Rashid Abdi, a Nairobi-based analyst for the International Crisis Group, calls the crisis in Somalia "a collective failure of the international community," which failed to act on early warnings of a crisis, or to invest in sustainable agriculture to make local communities self-sufficient. Additionally, al-Shabaab, an Islamic militant group which controls most of southern Somalia, had banned several international aid groups from the region in 2009.

Though they lifted the ban last month (al-Jazeera), restrictions remain. The priority now, Abdi says, is to reach people trapped inside al-Shabaab-controlled territory, and "if that means negotiating with al-Shabaab, so be it."

What is the scale of Somalia's humanitarian crisis, and how do you see it evolving?

Rashid Abdi: The scale of the crisis is unprecedented in many ways. The closest example you have is the 1984 famine in Ethiopia. Because the population of Somalia is not that big, the numbers of people who have died are less, but there's no denying the fact that you have a huge humanitarian crisis in southern Somalia and you have tens of thousands of people who have died, mostly children. Now the famine has spread to regions that used to be the bread basket of Somalia, especially the Juba valley. The whole of south and central Somalia is now in the midst of this famine.

Do you fear this humanitarian crisis will spread beyond Somalia, beyond the Horn of Africa?

This famine is the outcome of many factors. One of them, of course, is ecological, environmental, and climatic. There hasn't been any significant rain for the last four years, so the wells have dried up. You have deforestation in southern Somalia, especially involving charcoal traders. You have poor land use and overgrazing. So environmental factors contribute to it. And this goes beyond Somalia–it extends to the whole Ogaden region of Ethiopia and northeastern Kenya. But in Kenya, and in Ethiopia especially, you have a more robust system of coping with disasters. You have a professional disaster management authority, and both these countries have learned how to cope with this crisis.

In southern Somalia, you don't have a government; you don't have a sense of any authority, except for al-Shabaab. So there has been a neglect of efforts to alleviate this kind of situation, and al-Shabaab has little experience in this aspect as well. So these regions are all closely tied together, and many of these so-called environmental factors are also close together. So in many ways, you can talk of a regional crisis, but at the moment the epicenter is Somalia.

What are the main problems in getting aid to the people in Somalia?

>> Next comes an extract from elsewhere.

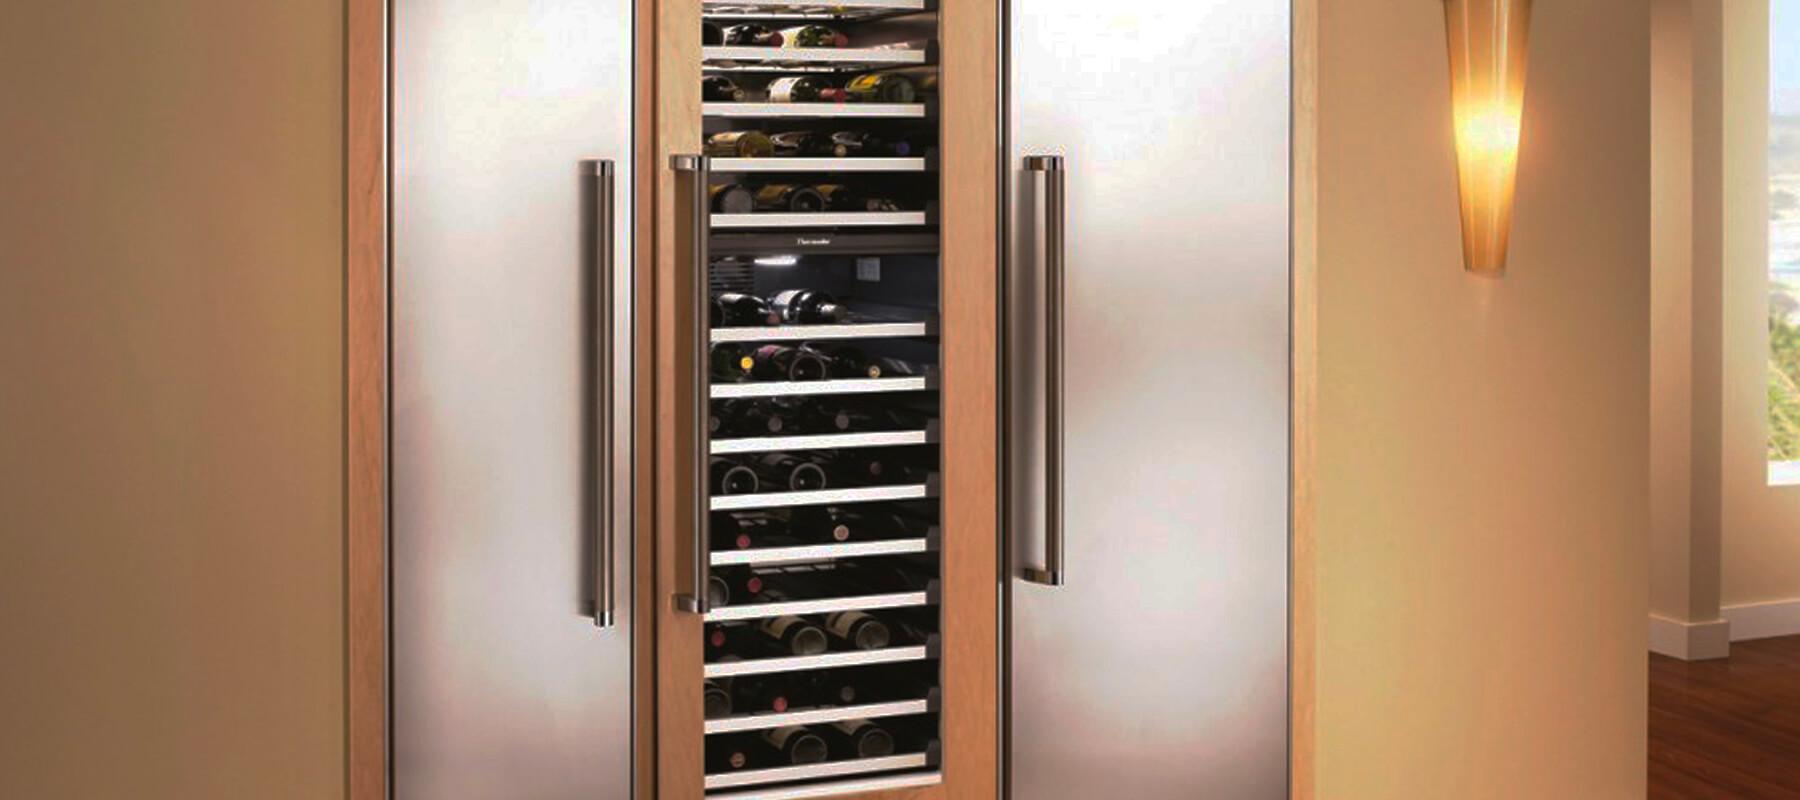 Built in Wine Refrigerator San Diego   Built-in Refrigerator Repair

South-central Somalia is controlled by al-Shabaab. Al-Shabaab is paranoid about international NGOs and a year ago, they banned aid agencies from helping people in that region. A lot of the crisis is attributable to the fact that many people whose situation was very vulnerable did not get adequate help in time. That is why you see this crisis has reached this level.

Al-Shabaab appears to have recently backtracked on that ban, but it's very difficult to tell who is in charge in al-Shabaab and very difficult to know their real motive. But you have flights going into Baidoa, which is controlled by al-Shabaab, and you have reports of aid agencies now reaching al-Shabaab-controlled territory in southern Somalia. This is a good step, but al-Shabaab has not opened all the humanitarian corridors in southern Somalia. There are still restrictions in place.

There are many other practical and logistical problems in delivering aid. You have only one port that is open to aid agencies, which is Mogadishu. Kismayo is not open because it is controlled by al-Shabaab. But you are talking of port facilities that are completely run aground; there is no machinery in place, and you have infrastructure that has not been rehabilitated in the last twenty years. You have checkpoints by militias extorting money. So the practicalities of delivery are enormously challenging in Somalia.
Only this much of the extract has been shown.